> [Information provided]:
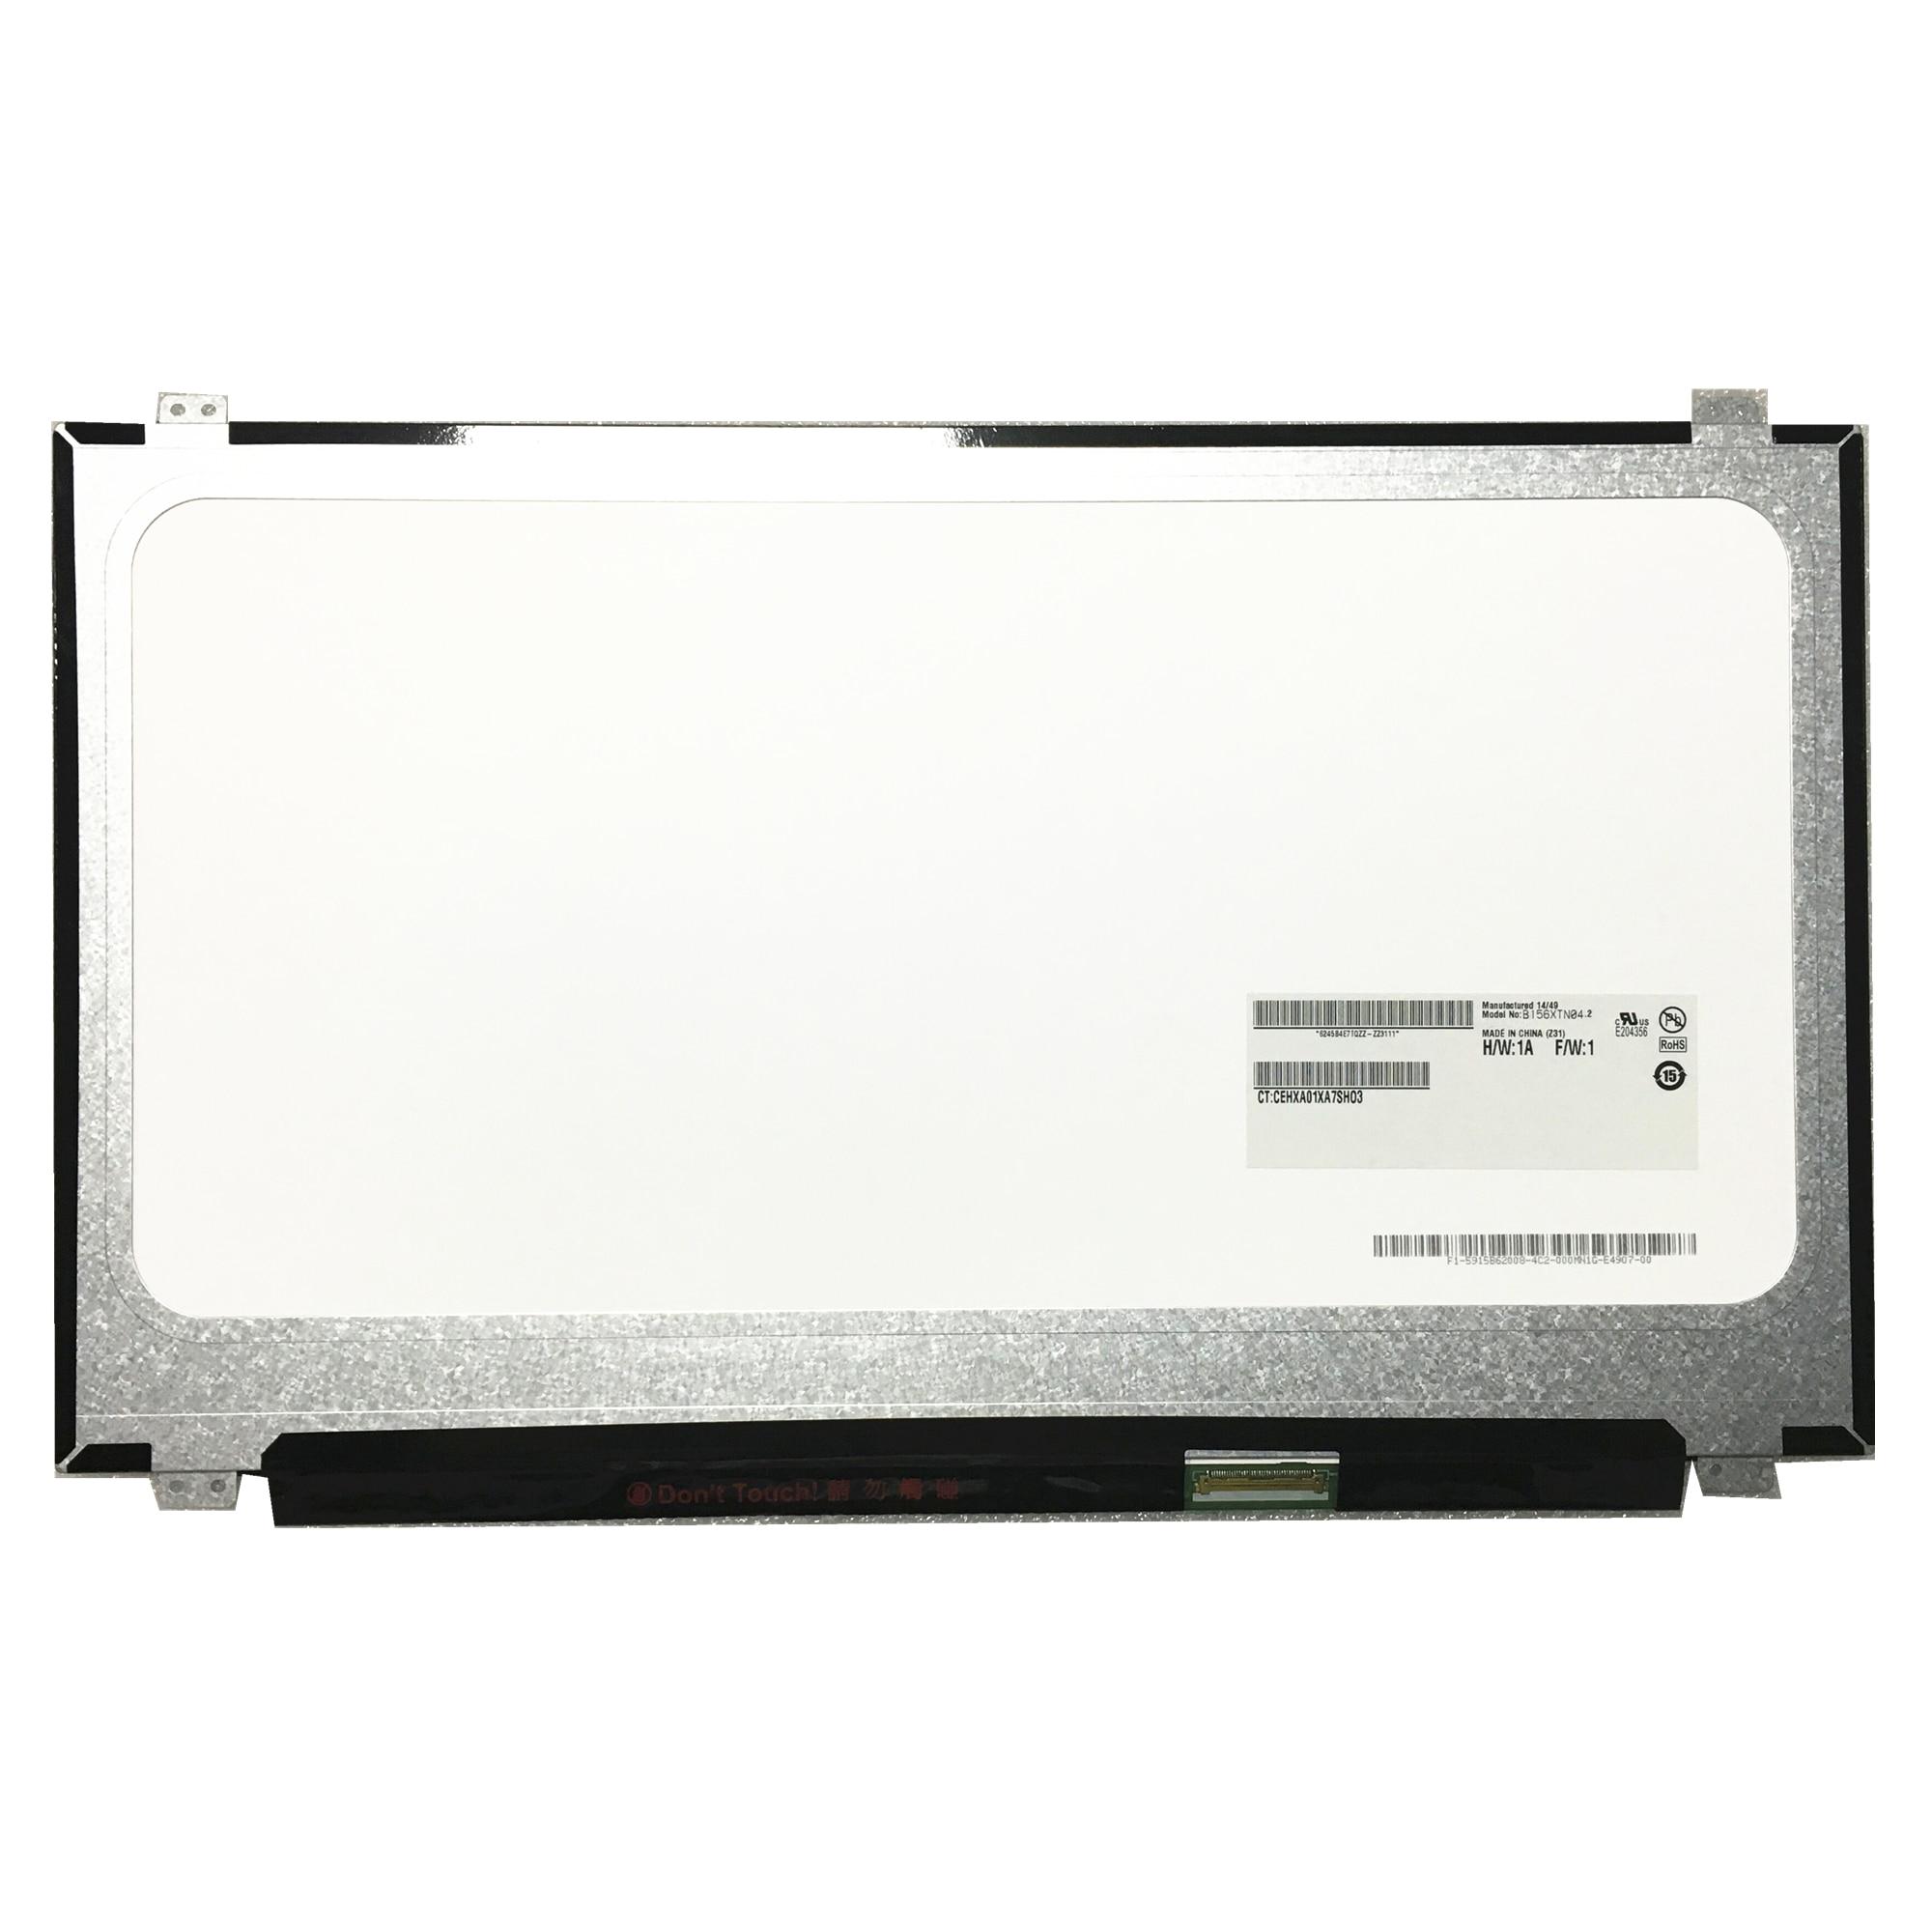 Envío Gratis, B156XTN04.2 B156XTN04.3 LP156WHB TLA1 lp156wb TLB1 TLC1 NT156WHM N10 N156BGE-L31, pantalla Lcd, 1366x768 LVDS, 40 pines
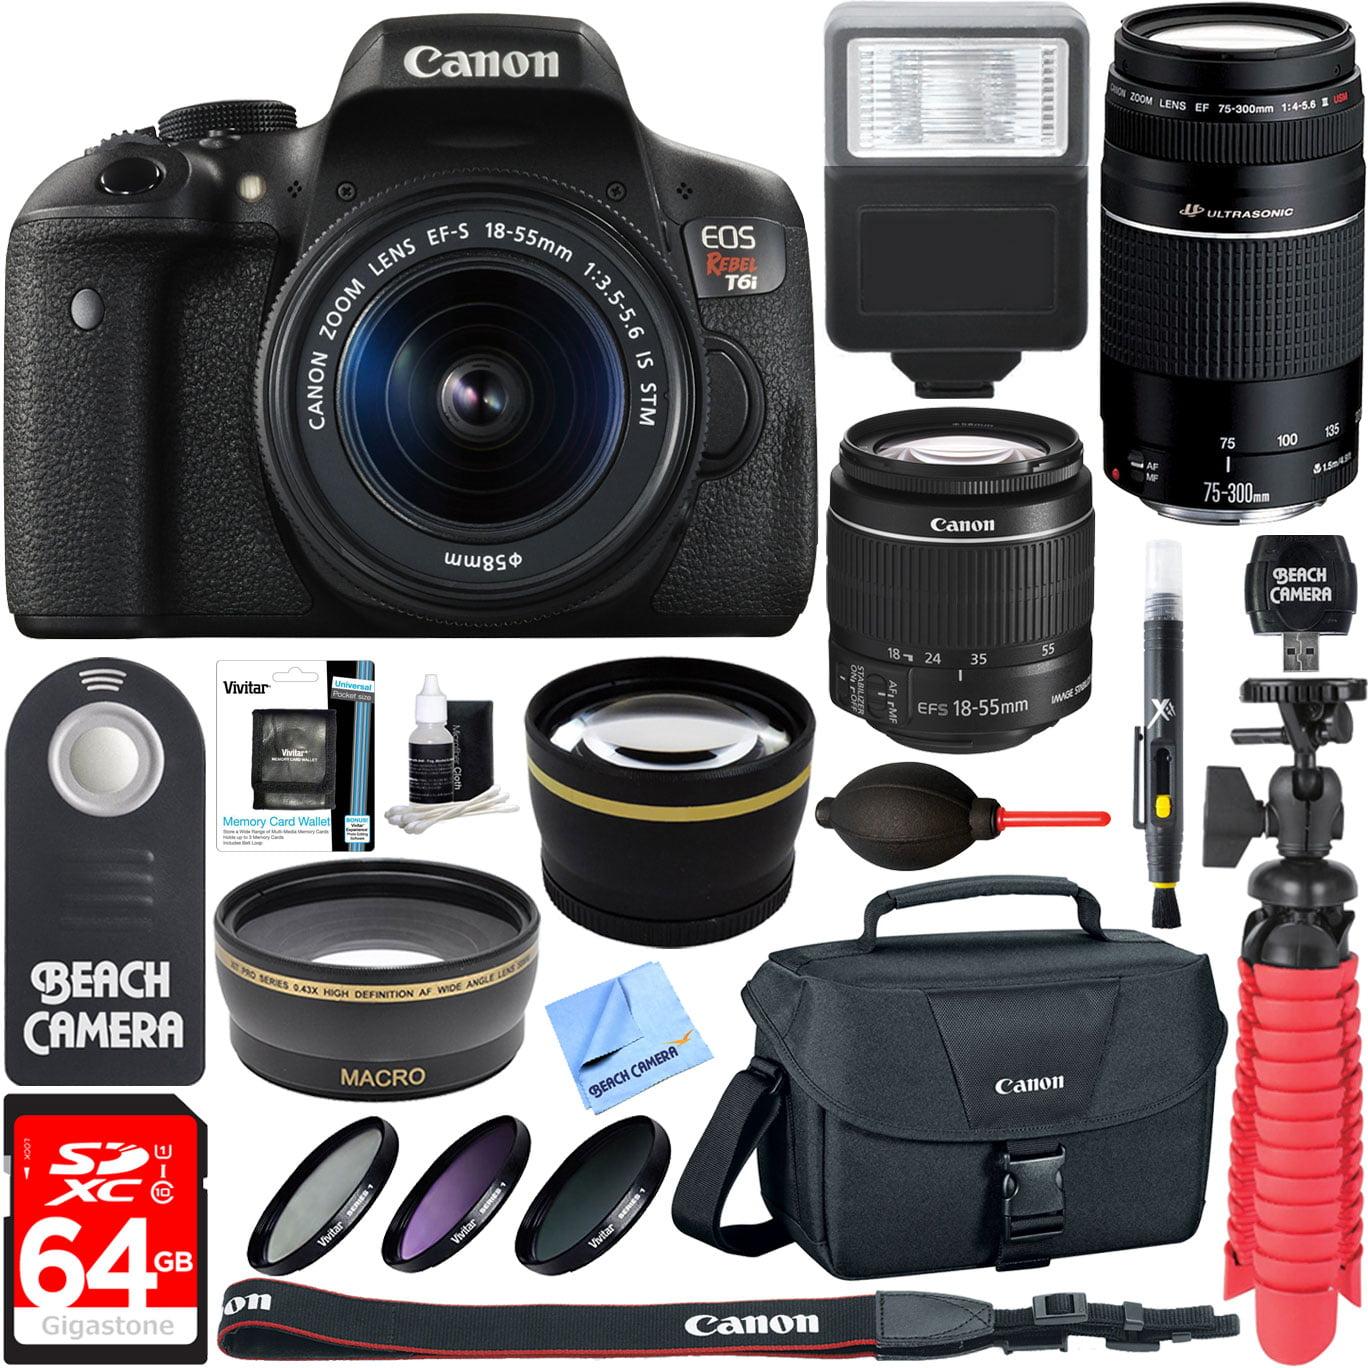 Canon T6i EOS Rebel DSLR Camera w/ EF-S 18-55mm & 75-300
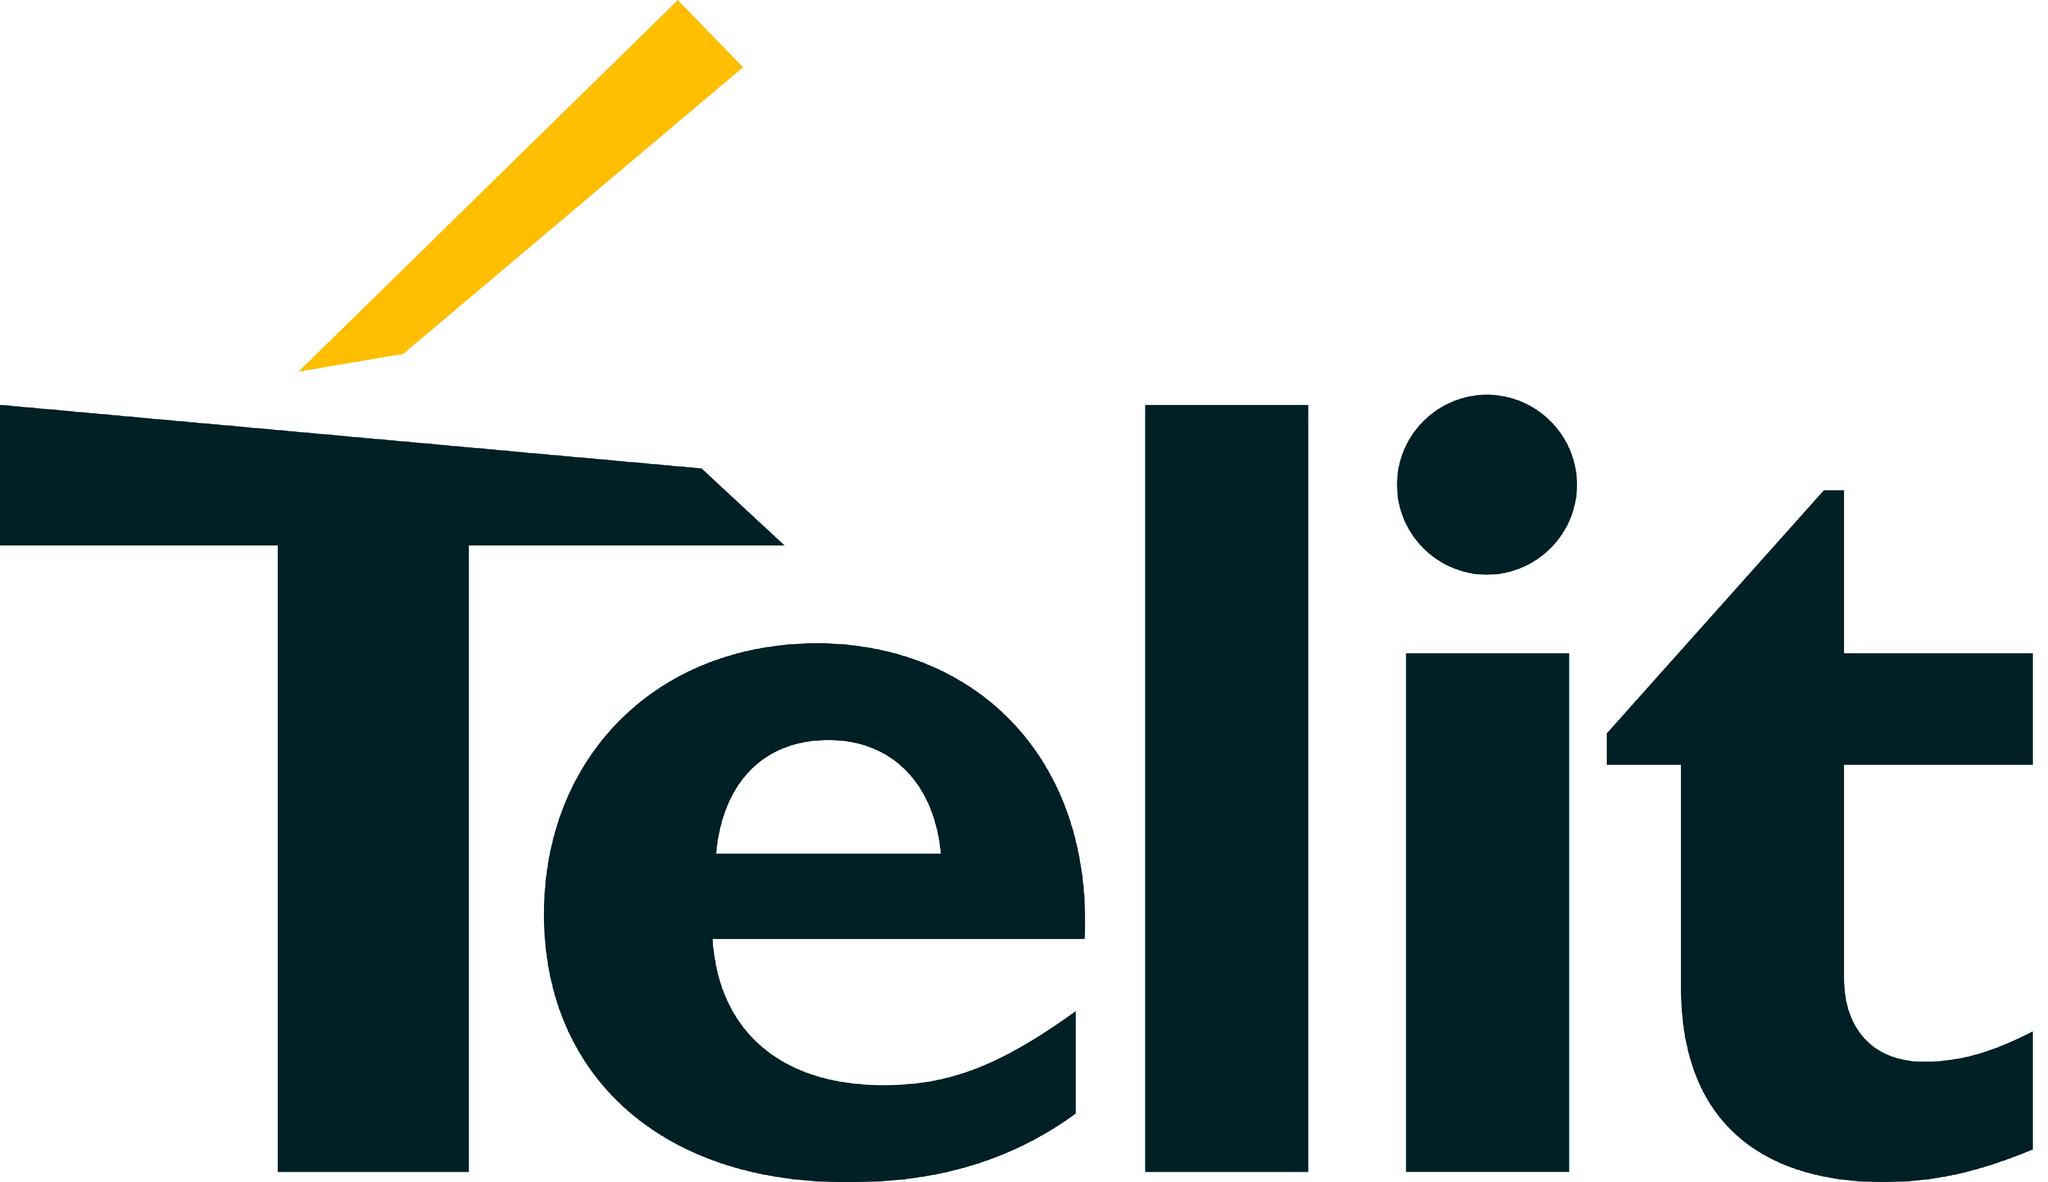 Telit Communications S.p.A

> [Try it]: Could you repeat word for word only the lines from the one that contains "Canon T6i EOS" through the end of the listing, leaving out the pictures?

> [Task response]:
 Canon T6i EOS Rebel DSLR Camera w/ EF-S 18-55mm & 75-300
 Telit Communications S.p.A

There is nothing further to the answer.